▶ Your instructions: Verbatim output of the lines below is required, with the images omitted.

▶ Recorded data:
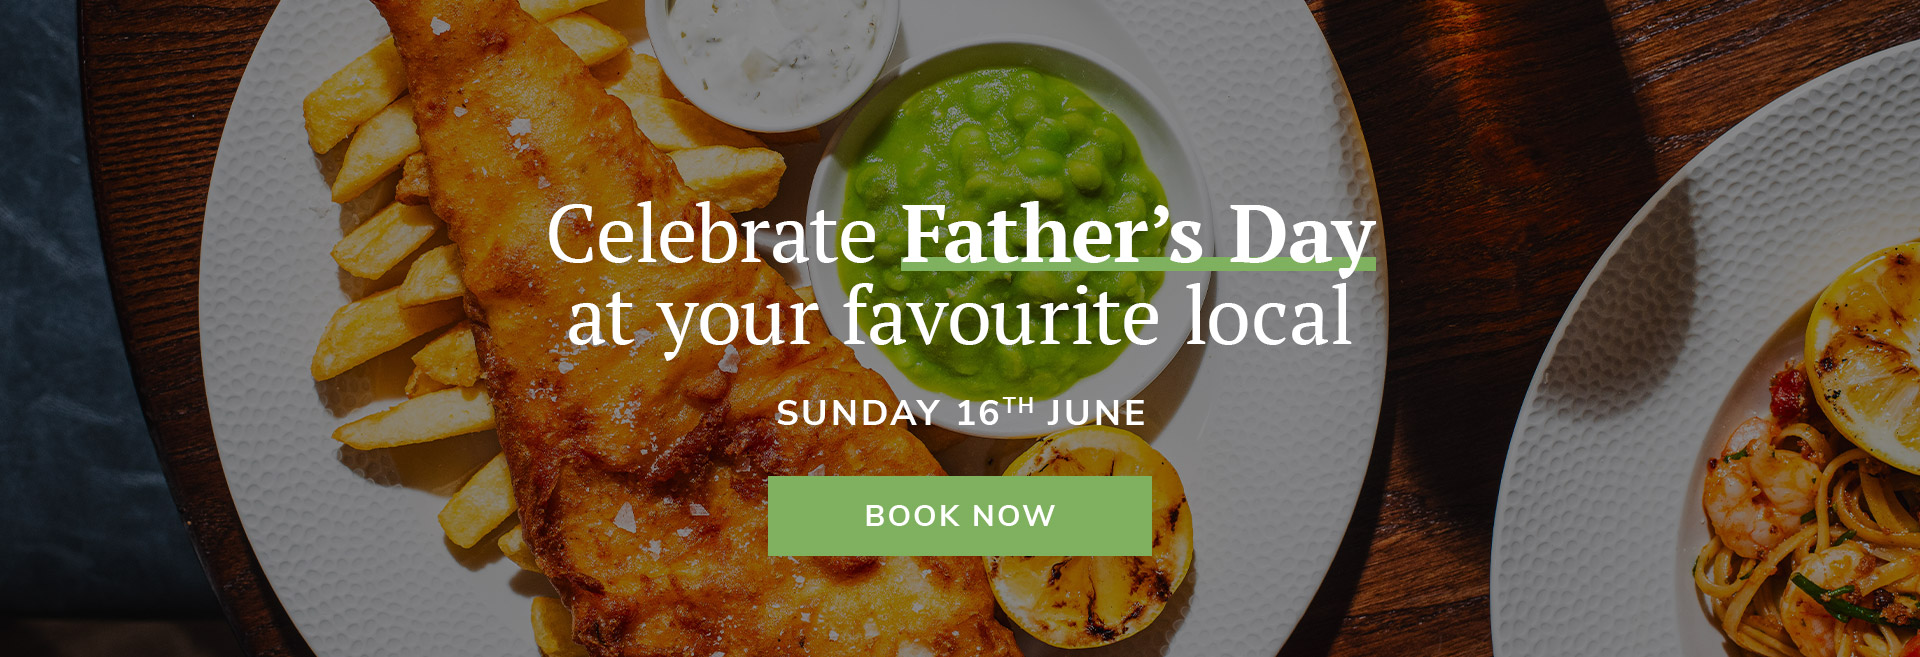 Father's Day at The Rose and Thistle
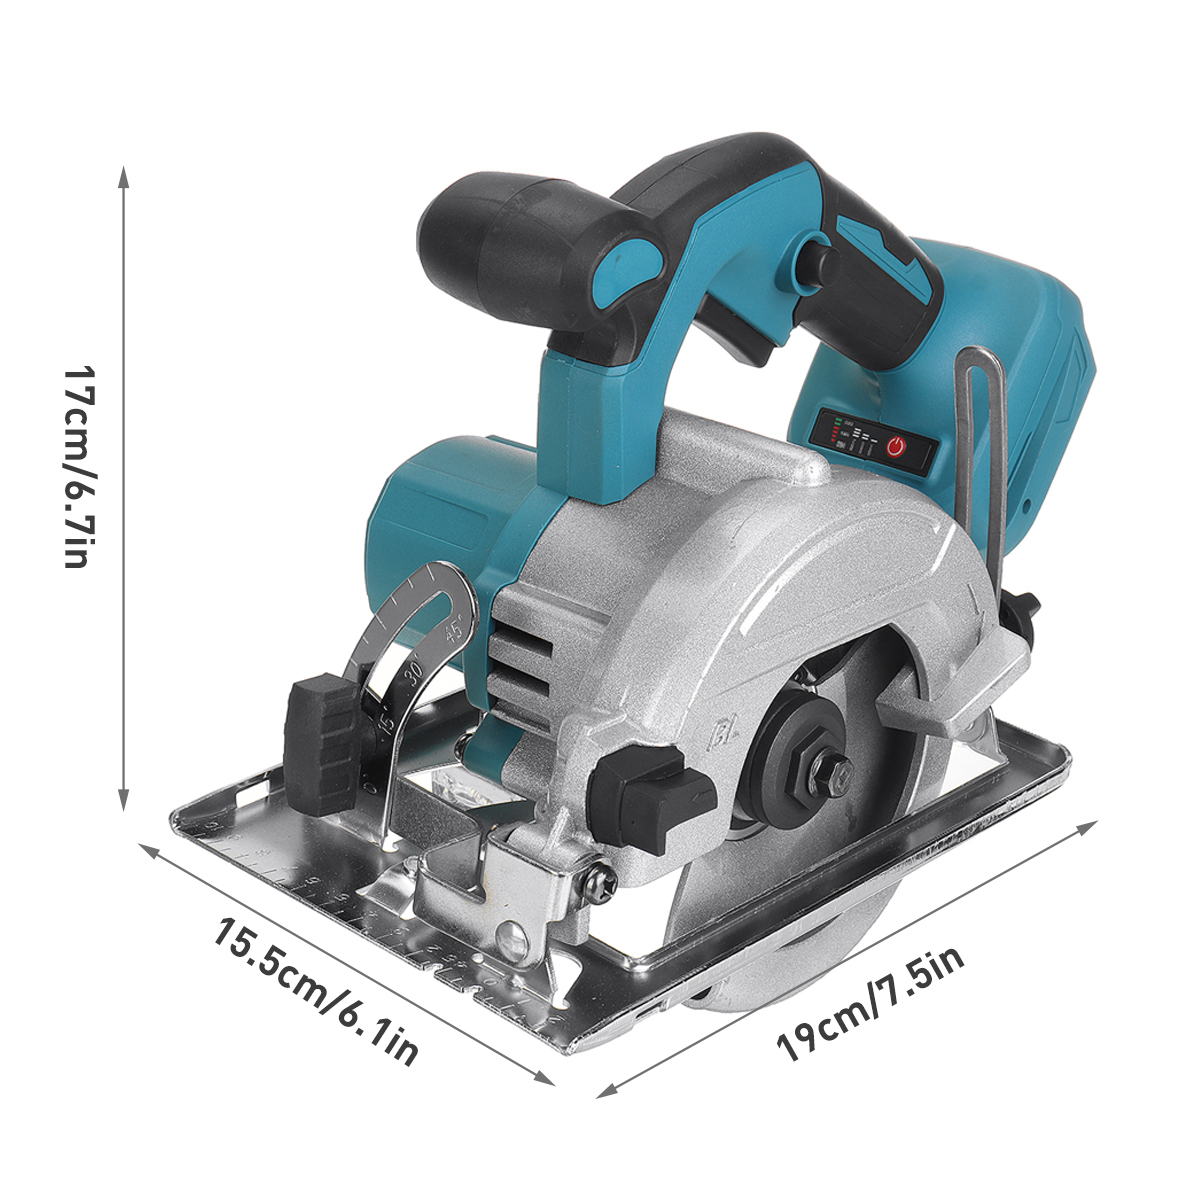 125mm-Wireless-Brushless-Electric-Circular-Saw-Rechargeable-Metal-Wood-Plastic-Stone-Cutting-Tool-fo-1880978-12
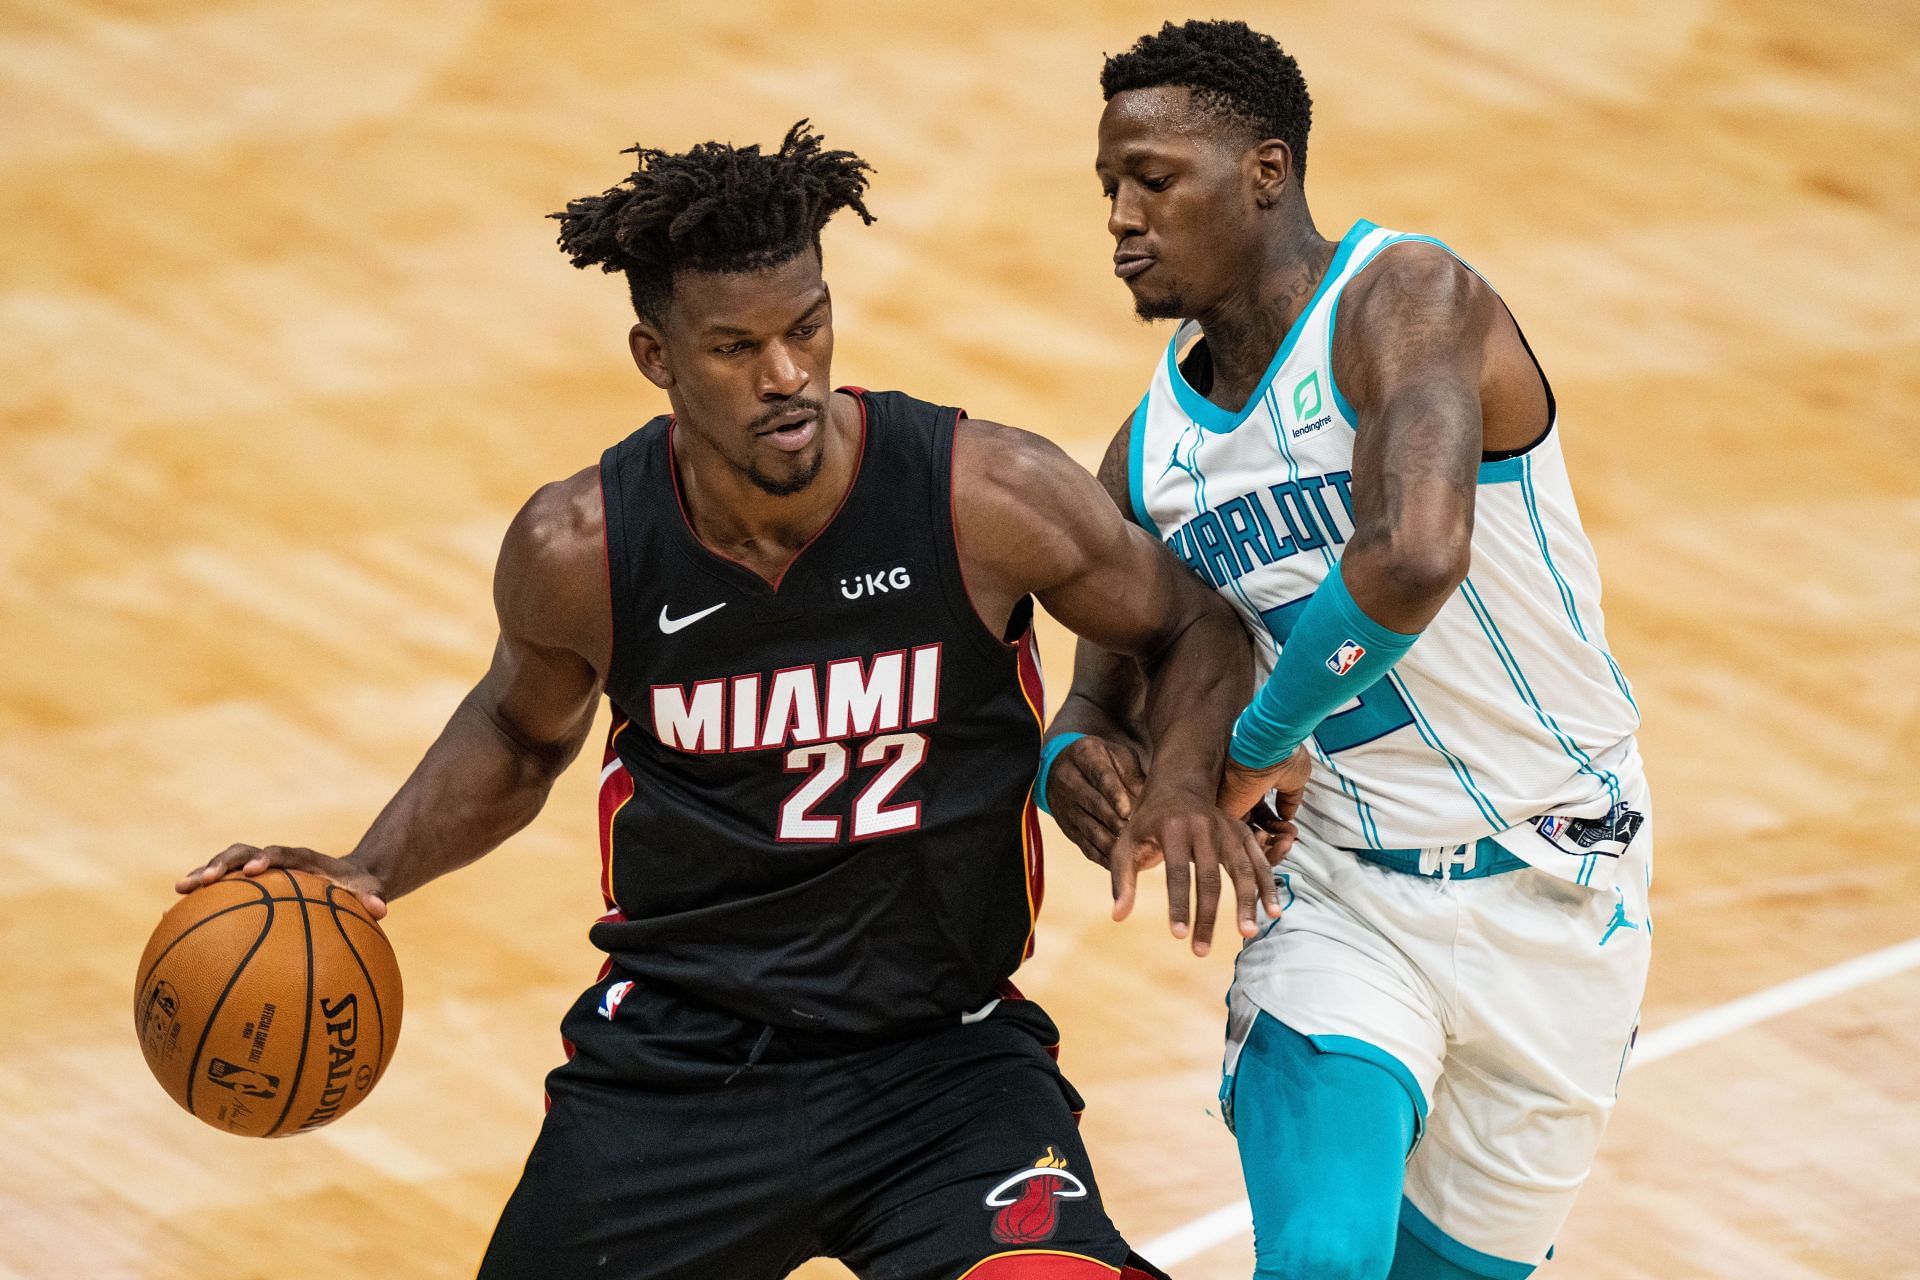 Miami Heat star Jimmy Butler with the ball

▶ Solution to the exercise:
 Father's Day at The Rose and Thistle
 125mm-Wireless-Brushless-Electric-Circular-Saw-Rechargeable-Metal-Wood-Plastic-Stone-Cutting-Tool-fo-1880978-12
 Miami Heat star Jimmy Butler with the ball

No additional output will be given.